Politischer Betrugsversuch oder alltägliche Verwaltungsschlamperei?

Bewertung von
Claus Jotzo

Die Einladung zur heutigen Stadtratssitzung wurde zeitig verschickt. Sie liegt den Mitgliedern seit über einer Woche vor. Darauf vermerkt der Tagesordnungspunkt 11 “Öffentlich-rechtliche Vereinbarung über Finanzausgleichsleistungen des Landkreises Bad Kreuznach an die Stadt Bad Kreuznach”. Auch in der amtlichen Bekanntmachung, die zur Information der Einwohner*Innen gesetzlich vorgeschrieben ist, findet sich dieser TOP.

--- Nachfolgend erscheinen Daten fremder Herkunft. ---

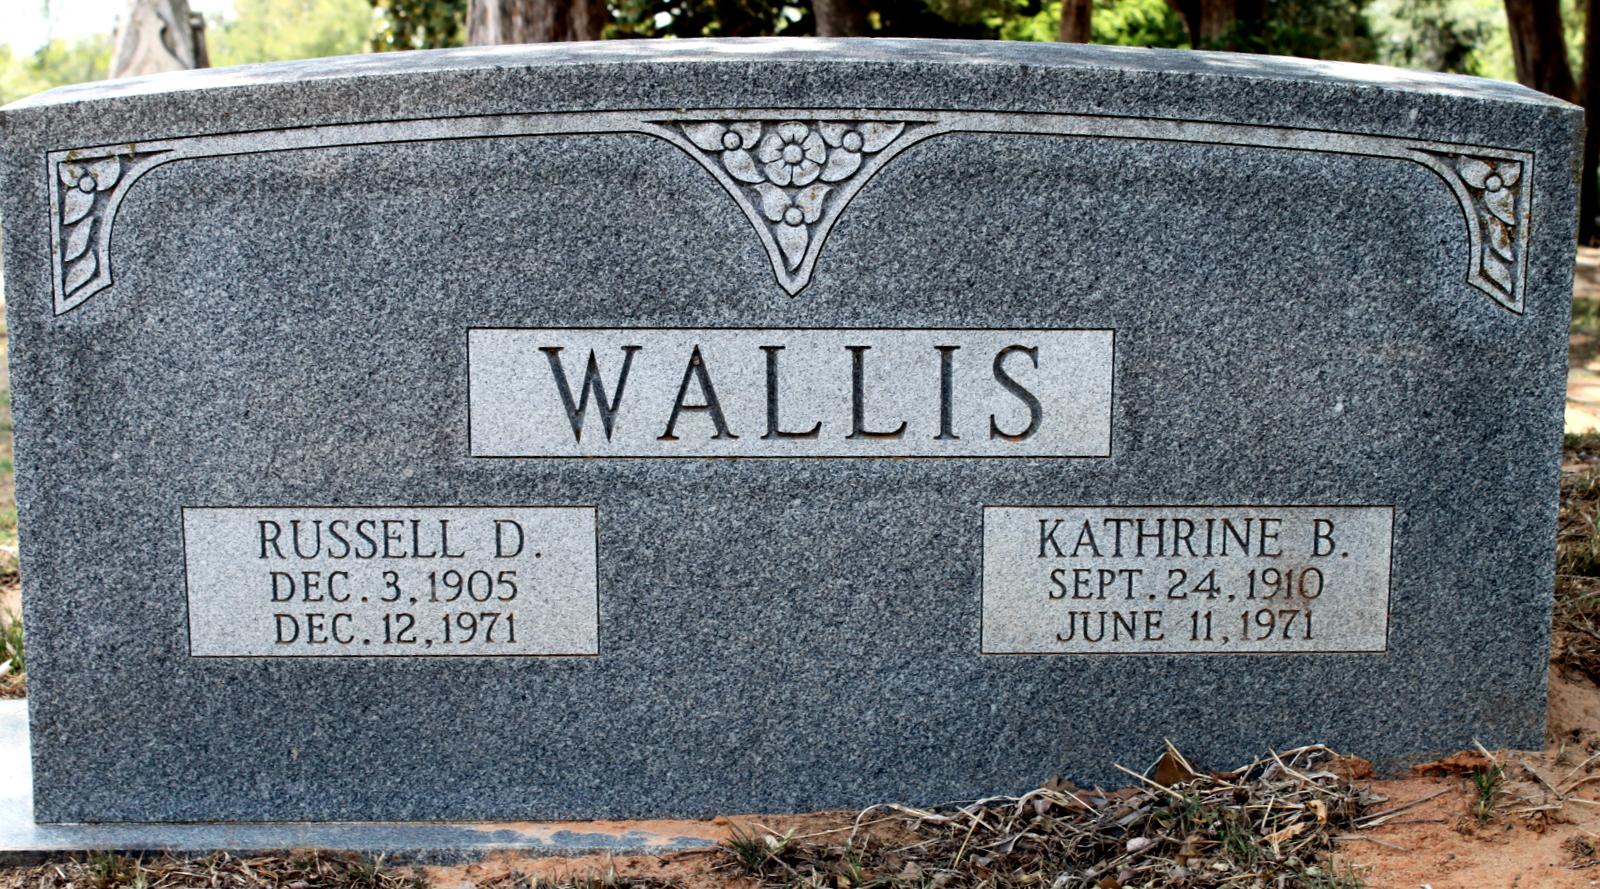 Russell D Wallis

Wer allerdings das sogenannte Ratsinformationssystem auf bad-kreuznach.de aufruft, stellt verblüfft fest: dort folgt seit gestern auf den Tagesordnungspunkt 10 unmittelbar 12. Den TOP 11 gibt es dort nicht. Diese Tatsache läßt nur zwei relevante Erklärungen zu: entweder kann man bei der zuständigen Stelle der Stadtverwaltung nicht sicher bis elf zählen. Und Arbeitskontrolle findet nicht statt. Weil es allen dort bezahlten Kräften im Ergebnis egal ist, ob Fehler gemacht werden oder nicht. Hauptsache die Kohle ist am Monatsende auf dem Konto. Oder aber es handelt sich um eine bewußte Streichung, einen politischen Betrugsversuch.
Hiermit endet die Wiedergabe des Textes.